If you receive an email notification about a problem with your exchange account, be careful not to click any links within the email. The link may redirect you to a fake website that looks very similar to the real exchange. If you log in to this fake website, the attacker will steal your credentials and possibly your cryptocurrencies.
If you're ever unsure about the legitimacy of a website or email, be sure to check the URL for any typos or discrepancies. Also, if you have any doubts about a message you've received, the best course of action is to ignore emails with suspicious links and reach out to the person or business through official channels.
Scammers often impersonate the customer support of a company or an official account of exchange and ask you to transfer crypto to them during a P2P transaction.

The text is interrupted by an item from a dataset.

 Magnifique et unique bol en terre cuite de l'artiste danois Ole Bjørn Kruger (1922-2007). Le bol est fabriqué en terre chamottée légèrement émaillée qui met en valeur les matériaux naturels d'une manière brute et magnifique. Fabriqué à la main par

The most important P2P rule you should remember is never to transfer cryptocurrency to anyone until you're confirmed full payment in your bank account. Also, remember that customer service will never interfere with transactions between users.
6) Fake Crypto Wallets
Beware of fraudsters who pose as legitimate companies or service providers offering to "help store your crypto." Many of these fake cryptocurrency wallets or apps are created with the sole purpose of stealing your private keys. If you use one of these fake wallets, you could lose all of your cryptocurrency.

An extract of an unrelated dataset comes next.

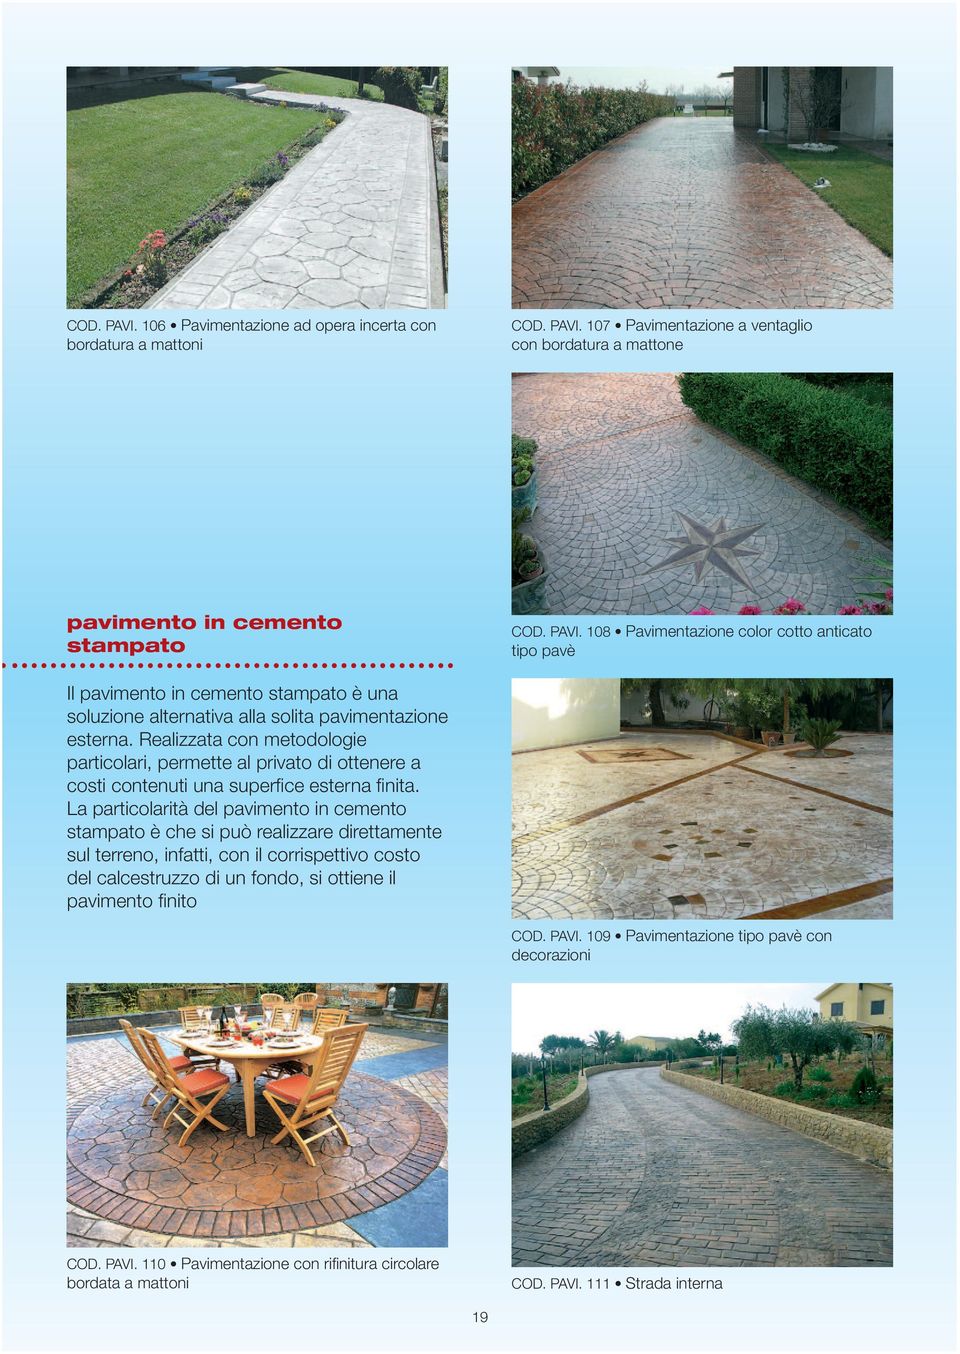 La particolarità del pavimento in cemento stampato è che si può realizzare direttamente sul terreno, infatti, con il corrispettivo costo del calcestruzzo di un fondo, si ottiene il pavimento finito

It is important for users to avoid these things when they choose software for storing crypto:
Lack of information and spelling mistakes on websites
No social media pages or they're new
Few Google search results
Various platforms have described the project as a scam
7) Malware installation
If you're not careful, scammers can gain access to your cryptocurrency by making you download malware. This harmful software is designed specifically to steal money from your wallet. The malware can capture the login credentials of your crypto wallet and then transfer your crypto to a third party.
To avoid this, only download wallets from official sources and be sure to have up-to-date anti-malware software installed on your devices.

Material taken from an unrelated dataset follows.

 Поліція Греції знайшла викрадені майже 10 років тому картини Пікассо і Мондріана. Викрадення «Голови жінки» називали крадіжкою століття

How to Protect Your Funds from Scams?
1. Verify official websites
Use the tips above to find out what distinguishing features can tell you about the website as a scam.
2. Do your research
Before investing in any ICO or token project, it is important to do your research. Checking reputable sources such as CoinDesk can help you ensure that an ICO is legitimate. Be careful of emails and social media posts that offer you the opportunity to buy in early, as these may be scams. By taking the time to research an investment before putting your money into it, you can help avoid costly mistakes.
3. Use strong security measures
Two-factor authentication is a great way to add an extra layer of security, and setting a unique PIN and security question for your mobile phone can help prevent SIM hacking.
There are also a number of digital and physical authentication apps and devices available, such as Google Authenticator and Yubikey. And, of course, always be sure to keep your account login, password, and crypto wallet seed phrases safe and confidential.
Don't forget about trusted antivirus and firewall programs to shield your incoming and outgoing data. Also, you can use cold wallets for storing your crypto offline so no cybercriminals can gain access to your funds.
4. Avoid clicking suspicious links
When you're browsing the web, it's important to be cautious about which links you click. Some links may lead to malicious websites that can infect your computer with viruses or steal your personal information.
By remaining vigilant and aware of the most common scams, you can protect yourself from losing funds to malicious actors. It is important to make sure you use official websites and applications and never make investments that seem too good to be true.